44. Schedule 6 paragraph (j) of the Advocate Remuneration Order provides as follows:1. Instruction fees.Subject as hereinafter provided, the fees for instructions shall be as follows…(j)Constitutional petitions and prerogative ordersTo present or oppose an application for a Constitutional and Prerogative Orders such fee as the taxing officer in the exercise of his discretion and taking into consideration the nature and importance of the petition or application, the complexity of the matter and the difficulty or novelty of the question raised, the amount or value of the subject matter, the time expended by the advocate-(i)Where the matter is not complex or opposed such sum as ma be reasonable but not less than 45,000. (ii)Where the matter is opposed and fond to satisfy the criteria set out above, such sum as may reasonable but not less than 100,000. (iii)To present or oppose application for setting aside arbitral award 50,000.
45. In the case before me the learned taxing officer applied a figure that was discerned from the proceedings and pleadings.

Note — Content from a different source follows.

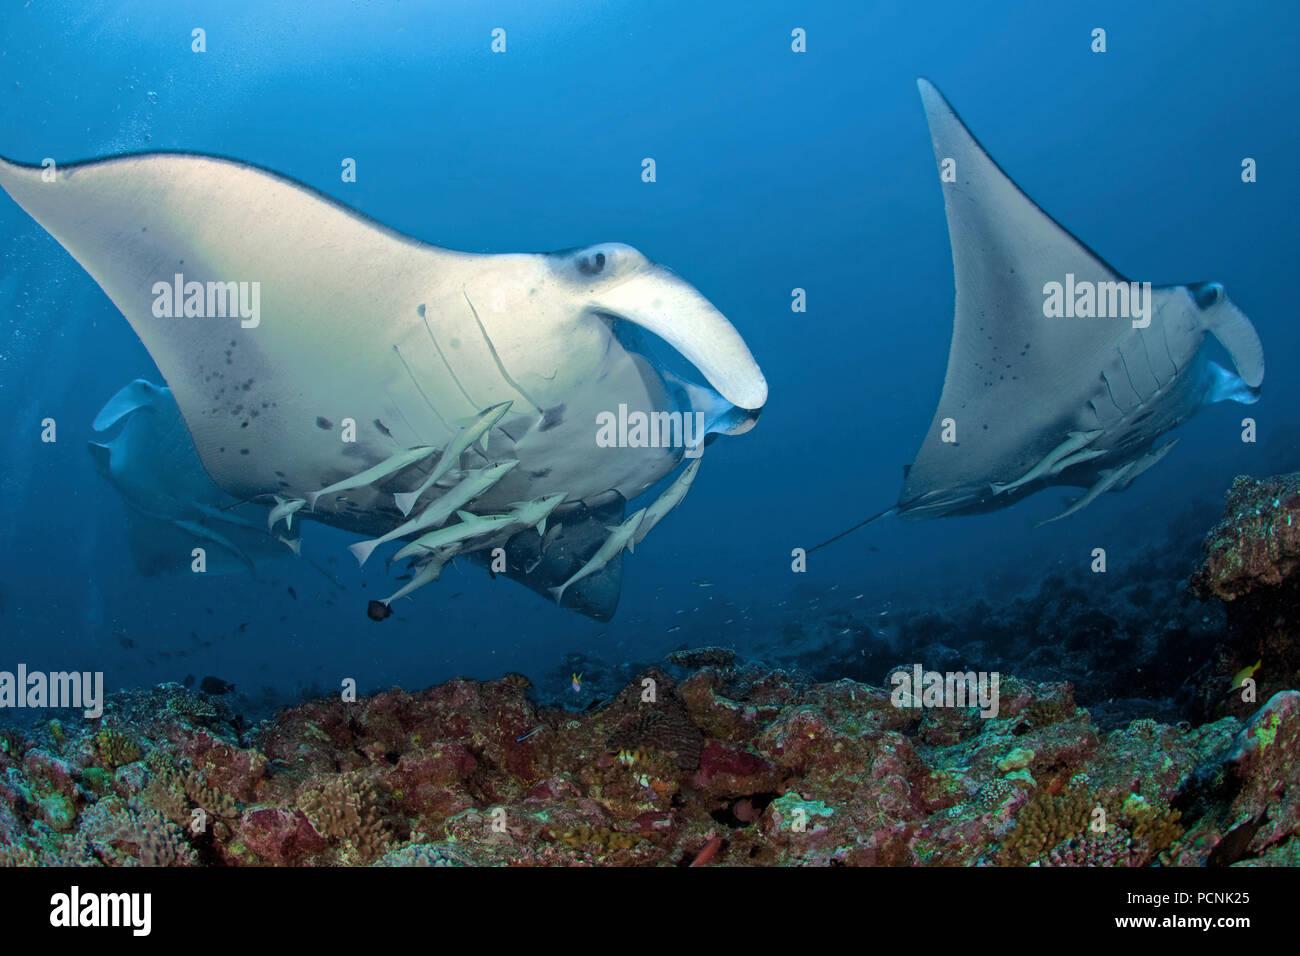 Two Giant oceanic manta rays (Manta birostris) with shark suckers (Remora remora), Yap, Micronesia Stock Photo

The Learned taxing officer found from the proceedings that the petitioner paid ksh 752,000,000 for 9,394 acres in the year 2007 and therefore according to the learned Taxing Master the value of one acre of the property was Ksh 80,051. That it has been 14 years since the property was bought and therefore it was her duty to take cognisance of passage of time and effects of inflation and therefore approximated the value of an acre at ksh 850,000. The learned Taxing Master then calculated the current value by multiplying 850,000 per acre by the acreage and reached a figure of ksh 7,984,900. 000 as the value of the subject matter. It is clear from the proceedings of the Taxing Master that the value of the subject matter was discerned from the proceedings. I do find that there was no error of principle of awarding costs as the taxing officer considered the issue of passage of time and inflation. The upshot of the above is that the references are dismissed with costs.
DATED, SIGNED AND DELIVERED AT KISUMU THIS 15thDAY OF JULY 2022ANTONY OMBWAYOJUDGEThis Ruling has been delivered to the parties by electronic mail due to measures restricting court operations due to the COVID-19 pandemic and in the light of the directions issued by his Lordship, the Chief Justice on 15th March 2020.